Thursday, April 30, 2009

Bark, Saucers and Barns

I love tree bark. I know, it sounds a little bit like "I love lamp", but I do. (BTW Areli didn't know where "I love lamp" came from. Do you?) I love the texture and with these particular Birch trees (I think that's what it is) you get some very interesting detail and colors. These trees are part of the landscaping at the new Holston Medical Group office building. I was photographing them after I was picking up my hearing test results today and I locked myself out of my car. I called Areli to come pick me up and took some pictures in the mean time. Meanwhile, I am deaf and need hearing aids, but that is another story. I also took the following pictures of the log cabin barn and hub-cap on a fence post (VW).

I am always asking Areli, as we drive around East Tennessee, if she notices this, or knows what that is, or why do they do that. She rarely sees, or notices or knows. I wonder what she is spaced out on while I am driving and why she doesn't possess an adequate knowledge of farm handy craft and methods. But, never-the-less, one day I asked her if she knew why there were coffee cans on top of the wooden fence post we were driving past. She didn't know so I proceeded to tell her it was to keep the rain from running down inside the post and rotting it out. Other methods are to cut the top of the post off at a slant, use a flat rock or cap it by some other means. Today I found a fence post with a Volkswagen hub-cap nailed to the top. I liked this method but it does not seem as economical as a flat rock. I mean, how many Volkswagens were in Tennessee when they were building barns from rough hewn logs in the stile of a log cabin? I also wonder if she really appreciates my practical knowledge or just feels degraded by my feeble attempts to impress her by poking pin-holes in her self esteem. Which leads me to- if you look close you can see my reflection in the edge of the hub-cap. It's like I've been abducted by the alien mother ship and my distorted visage is last thing anyone will ever see of me. The latter is probably my best assessment in this whole paragraph.

The sign on the door is posted by the insurance company offering a one thousand dollar reward for information leading to the arrest and conviction of anyone vandalizing this property. The property stands adjacent the new medical building which you can see blurred to the left of the image. Why it is still standing in the first place is probably a matter of historic disposition. I would love to take it apart and restore it in another location... another story. The barn, as you can see, is completely charred on this side, but not on the others, and the door was probably added again after that. I'd say more than ten or fifteen years ago and since the seventies when the Volkswagen Beetle was first popular. Who knows?

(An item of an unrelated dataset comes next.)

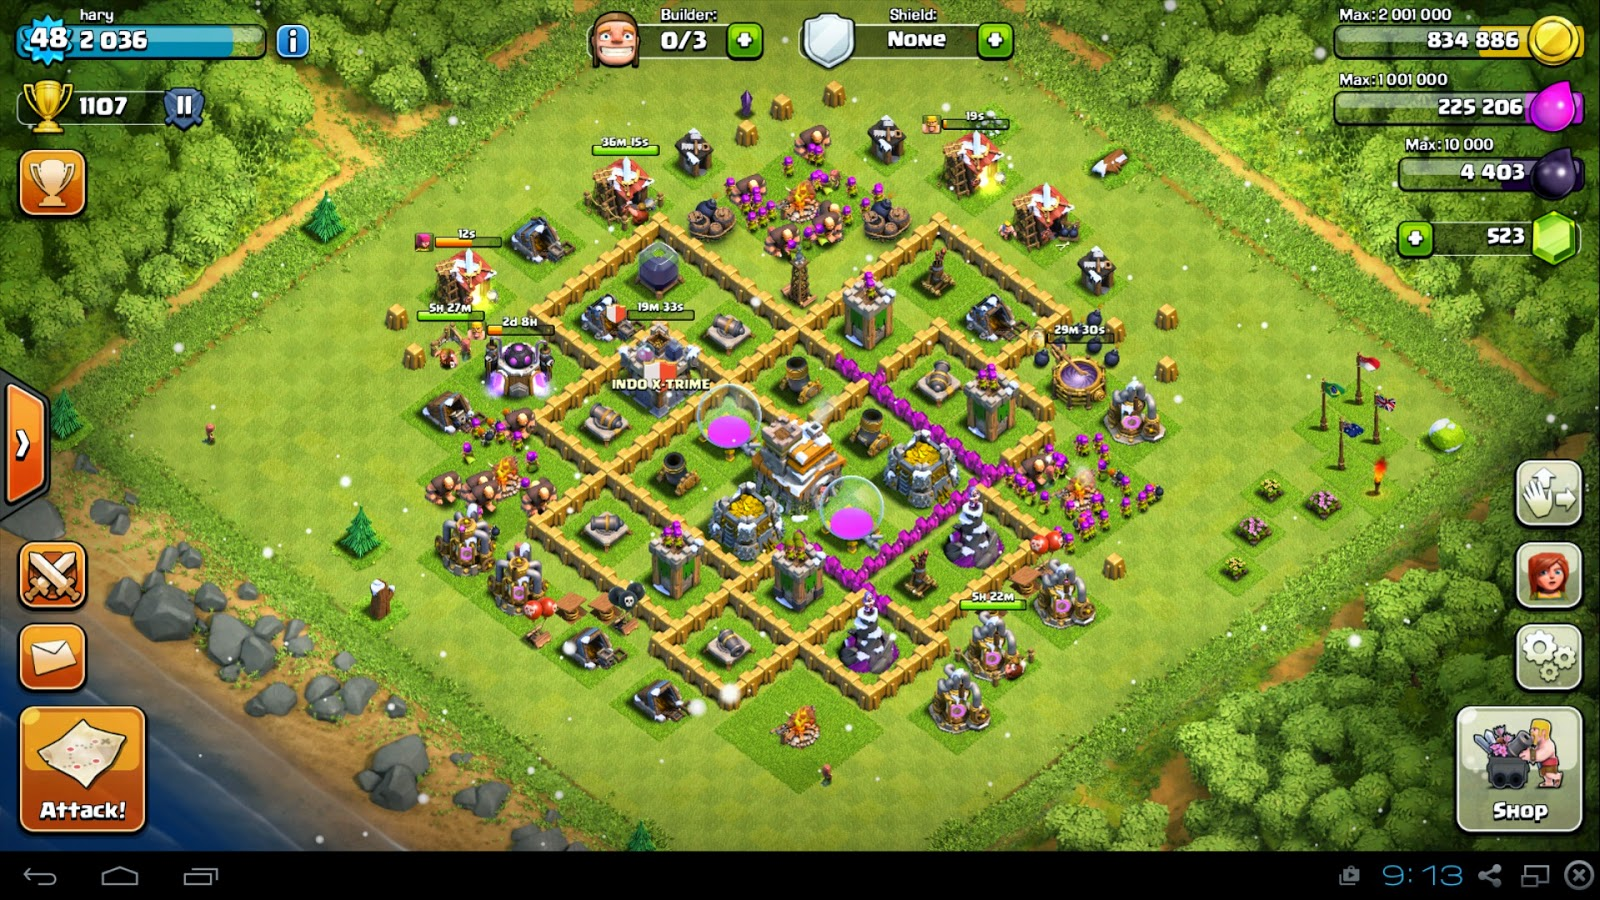 Best No Town Tesla Base Clans Clash Hall 7 Hidden

It was probably in use still around that time and most of the development probably came after, the tools and implements still appear to be inside along with the mummified, now hairless, remains of a rodent, probably a musk rat (I have a picture if you ask). Now only the pasture is used and that for a lone red horse, wet and matted by the recent rain and humidity. It wouldn't come to the fence so I refused to photograph it with my macro lens. In the future, please use this illustration to explain the mechanism of chinking logs the next time the subject comes up with your spouse.

Thursday, April 23, 2009

Following Father



We often expect our children to follow us into strange places. Last Saturday, the family and I were out on on of our East Tennessee excursions, following the the narrow mountain roads around hill and dale to see-what-we could see. I guess it is my grown up version of traipsing through the woods that I remember so fondly doing as a boy. I loved to walk in the woods. But, I was never pretentious enough to call it a hike. It was always too unofficial for me and I assumed it required hiking boots and a pack piled high with provisions and paraphernalia. Only lately have I dared to call them hikes, or as Areli like to coin them, "death-hikes". Well, needless to say, no one has ever died on one. Maybe a bug-bite or scrape, but definitely no death.

In fact, they are life to me. They are the life I share with my children. I always see in the future. In this instance I am envisioning Mammaw Hailey laying in bed next to her grand children and telling them fanciful and captivating stories of how her wild and adventurous father led them through timber and train tracks in search of fairy houses and mysterious waterfalls. Wide-eyed the wee ones peer into the darkness of their imagined yester-year when Great-Papa Jon roamed the earth with a whittled walking stick in hand and camera at the ready; packing little Emma on his hip while fishing Abby out of the creek. Then wading with all three in tow, knee-deep into the babbling brook and dare I say it, into the tunnel with the dark slippery mud signed by raccoon and littered with cobble. Listen over-head as the train rumbles down the Clinchfield Rail Line. Great Grandma Areli could be heard laying on the horn as the noise from the train subsides and we ran splashing and slipping in the dark mud, out of the tunnel and up the spring planted weedy banks of the creek to the CRV. "Where have you been? You said five minutes" Great Grandma says. "Sorry, we found a magical water-fall and had to explore it", replies Great-Papa Jon.